> [Data extract]
# # # # #

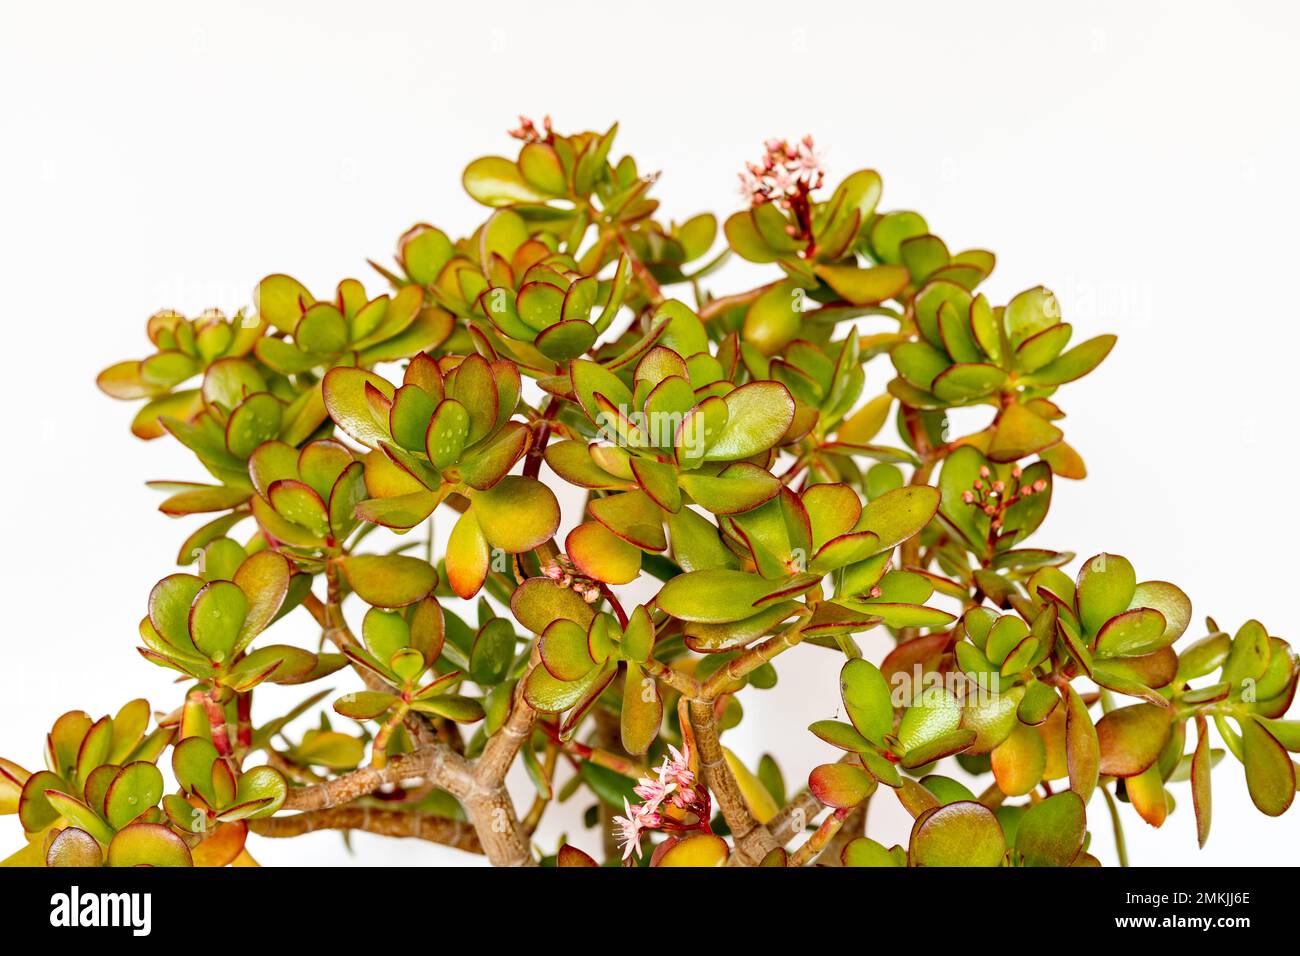 Crassula ovata flowering plant on white isolated background Stock Photo
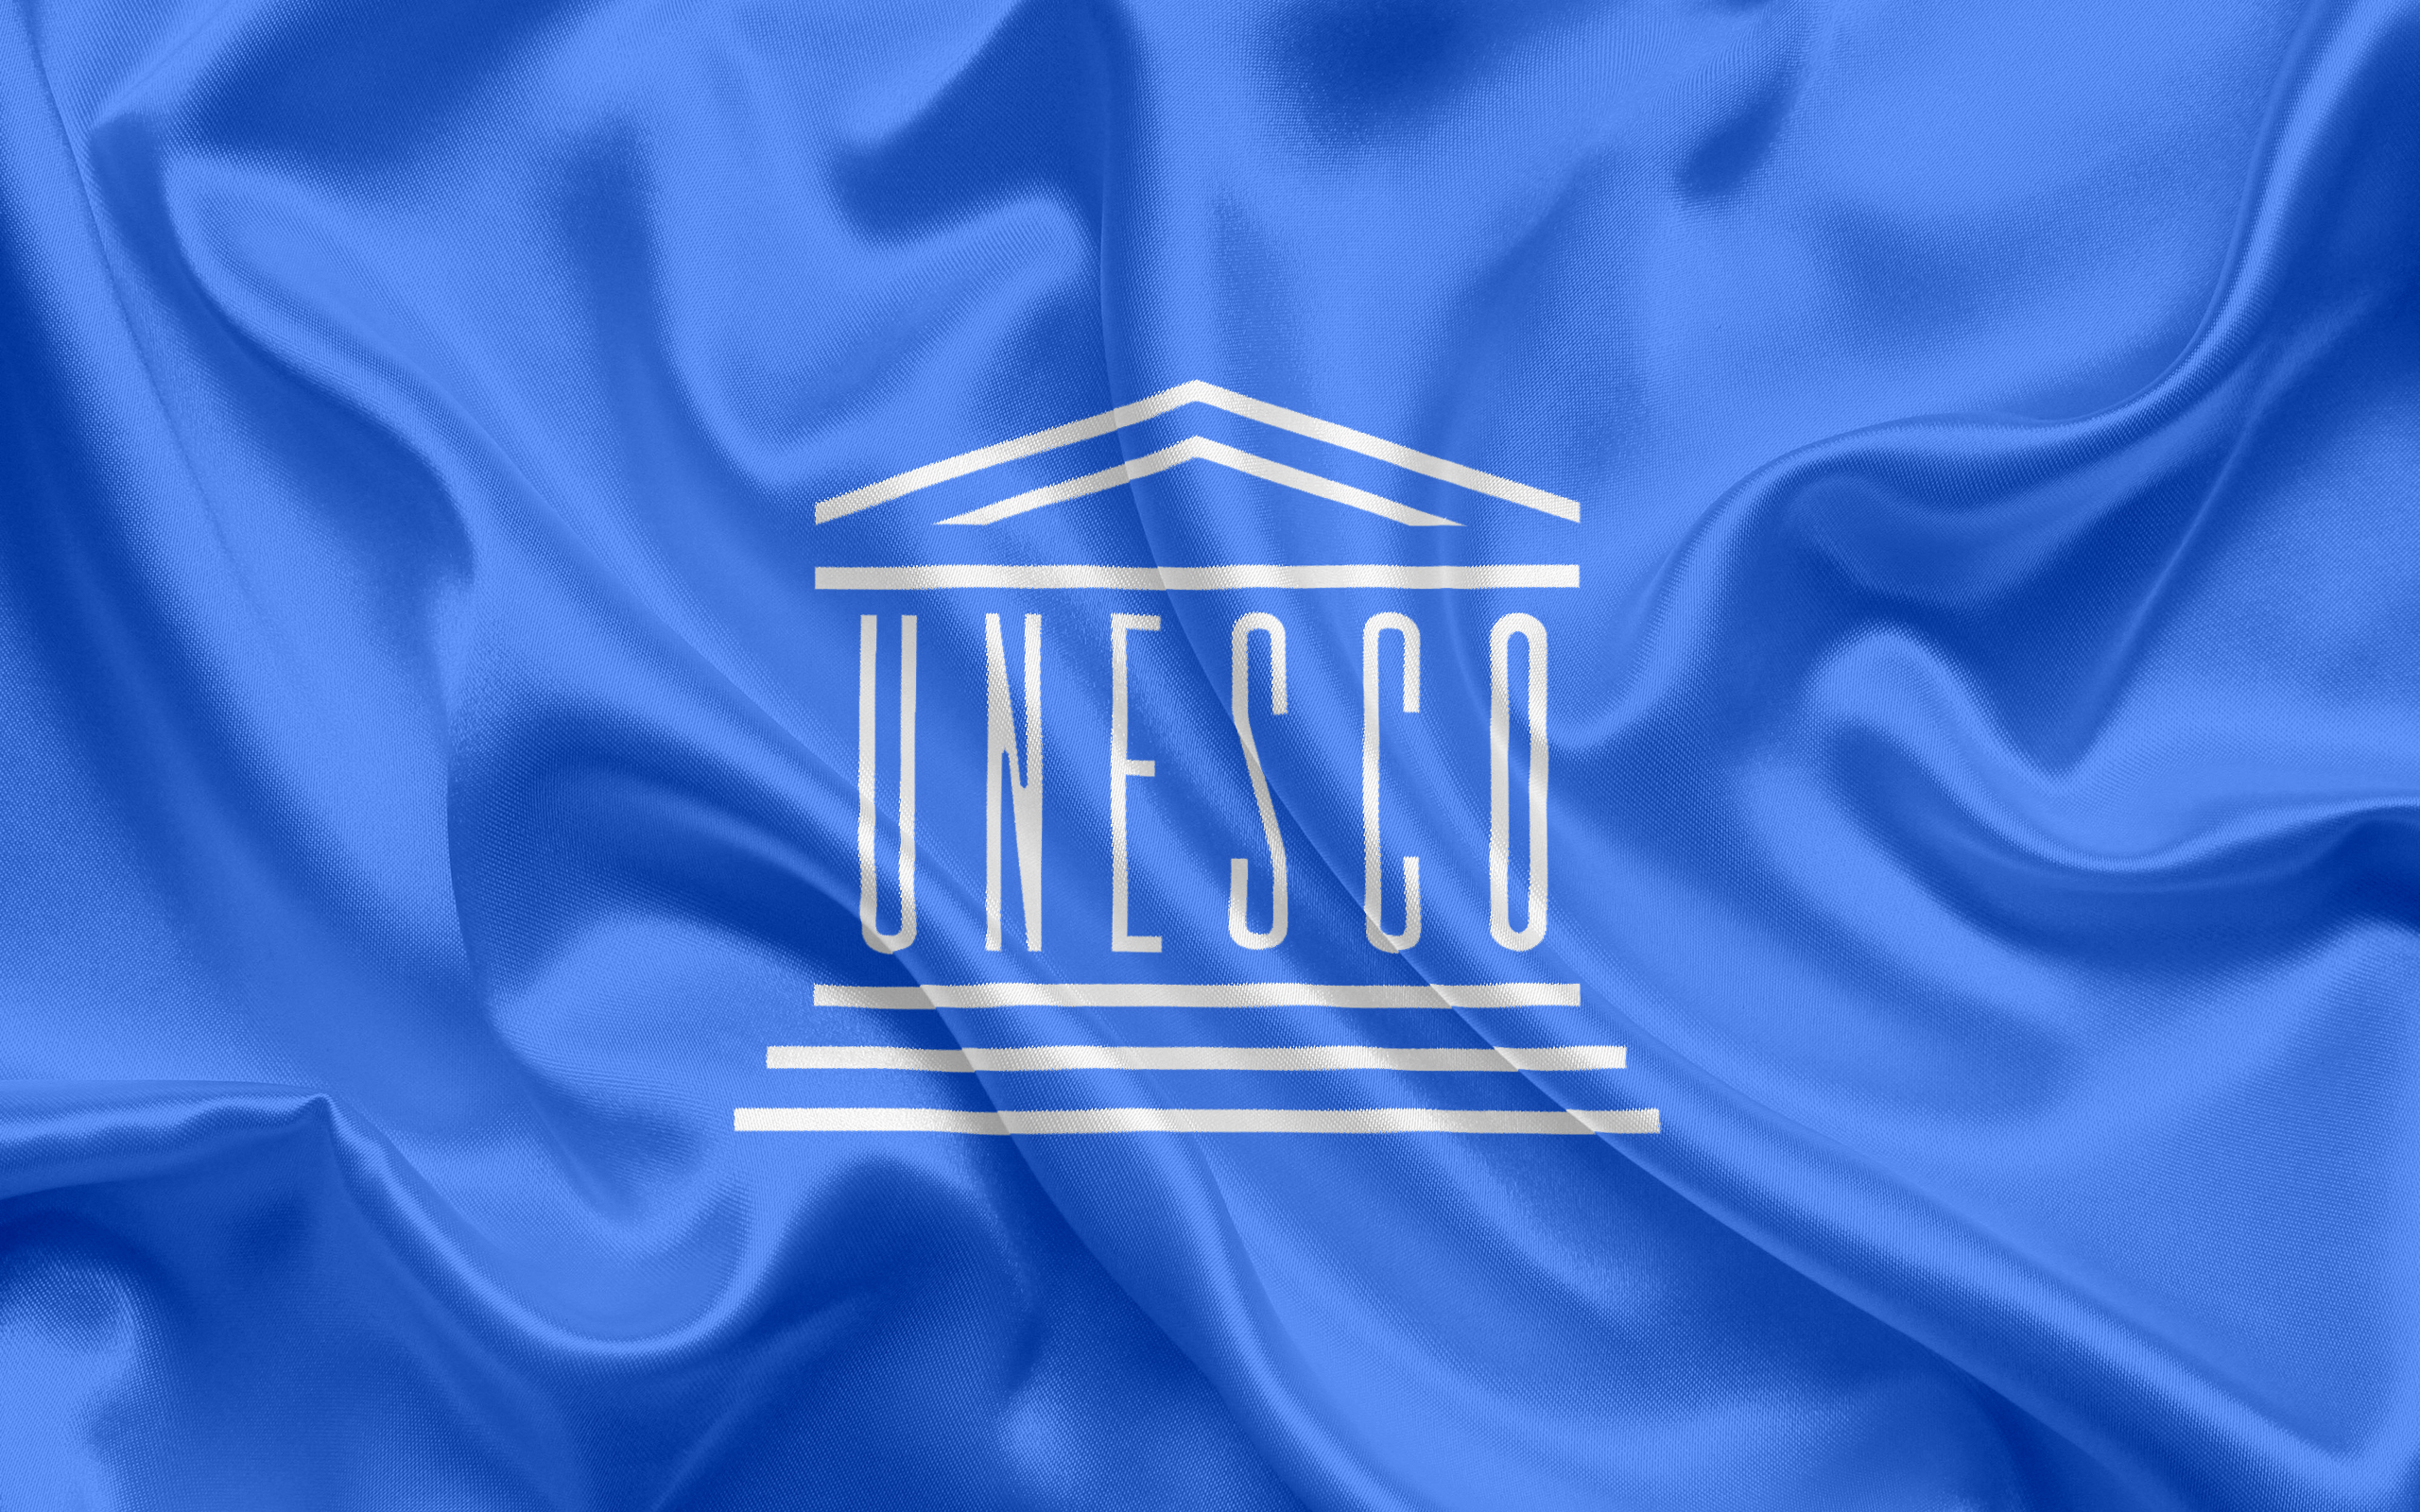 2017/10/unesco-flag-symbols-emblem-logo-unesco.jpg
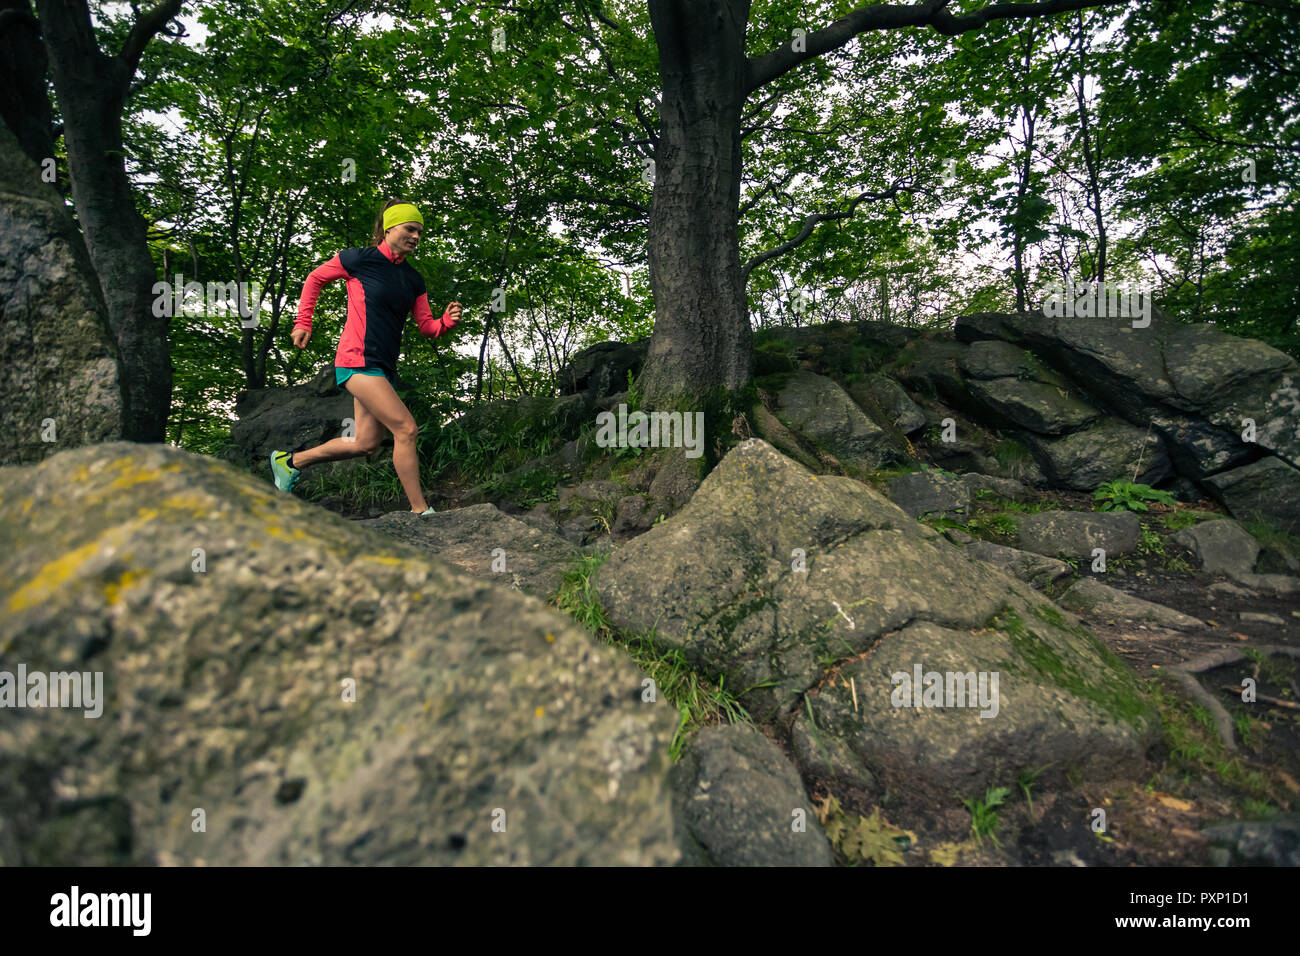 Trail Running Girl im grünen Wald. Ausdauer sport training. Weibliche Trail Runner querfeldein laufen. Sport und Fitness Concept draussen in der Natur. Stockfoto
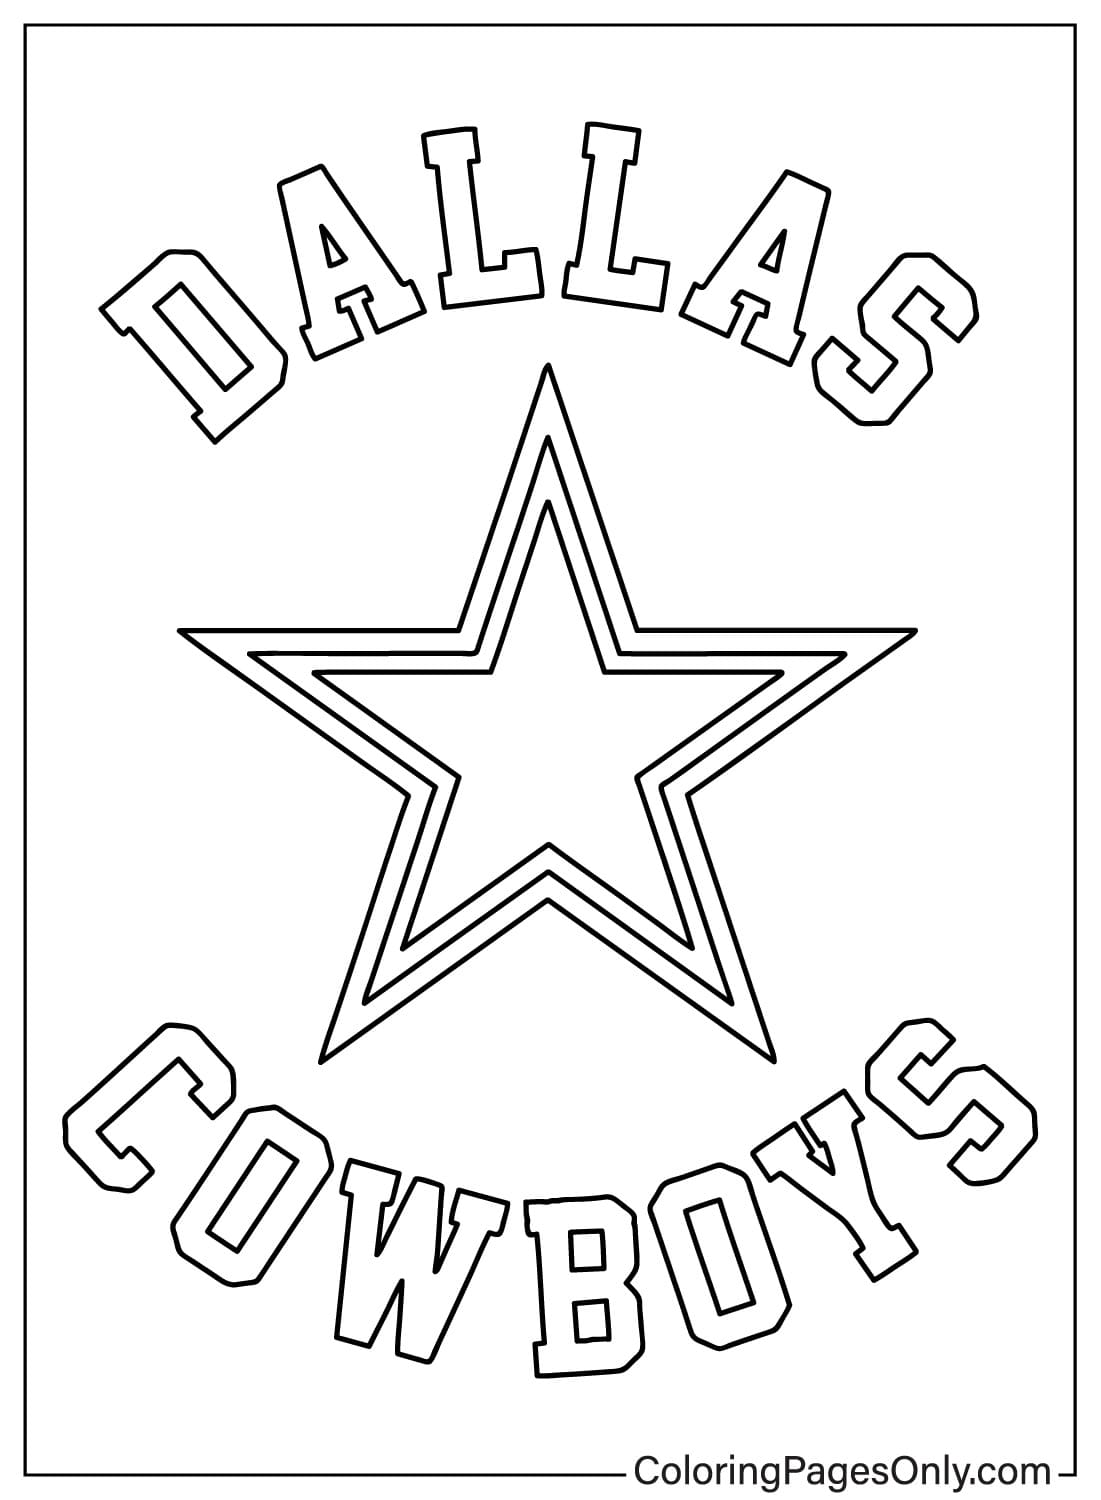 Dallas Cowboys kleurplaat van Dallas Cowboys

# # # # #

> [To do]
Would you return the whole listing above exactly as written, skipping any image?

> [Answer section]
 Crassula ovata flowering plant on white isolated background Stock Photo
 2017/10/unesco-flag-symbols-emblem-logo-unesco.jpg
 Trail Running Girl im grünen Wald. Ausdauer sport training. Weibliche Trail Runner querfeldein laufen. Sport und Fitness Concept draussen in der Natur. Stockfoto
 Dallas Cowboys kleurplaat van Dallas Cowboys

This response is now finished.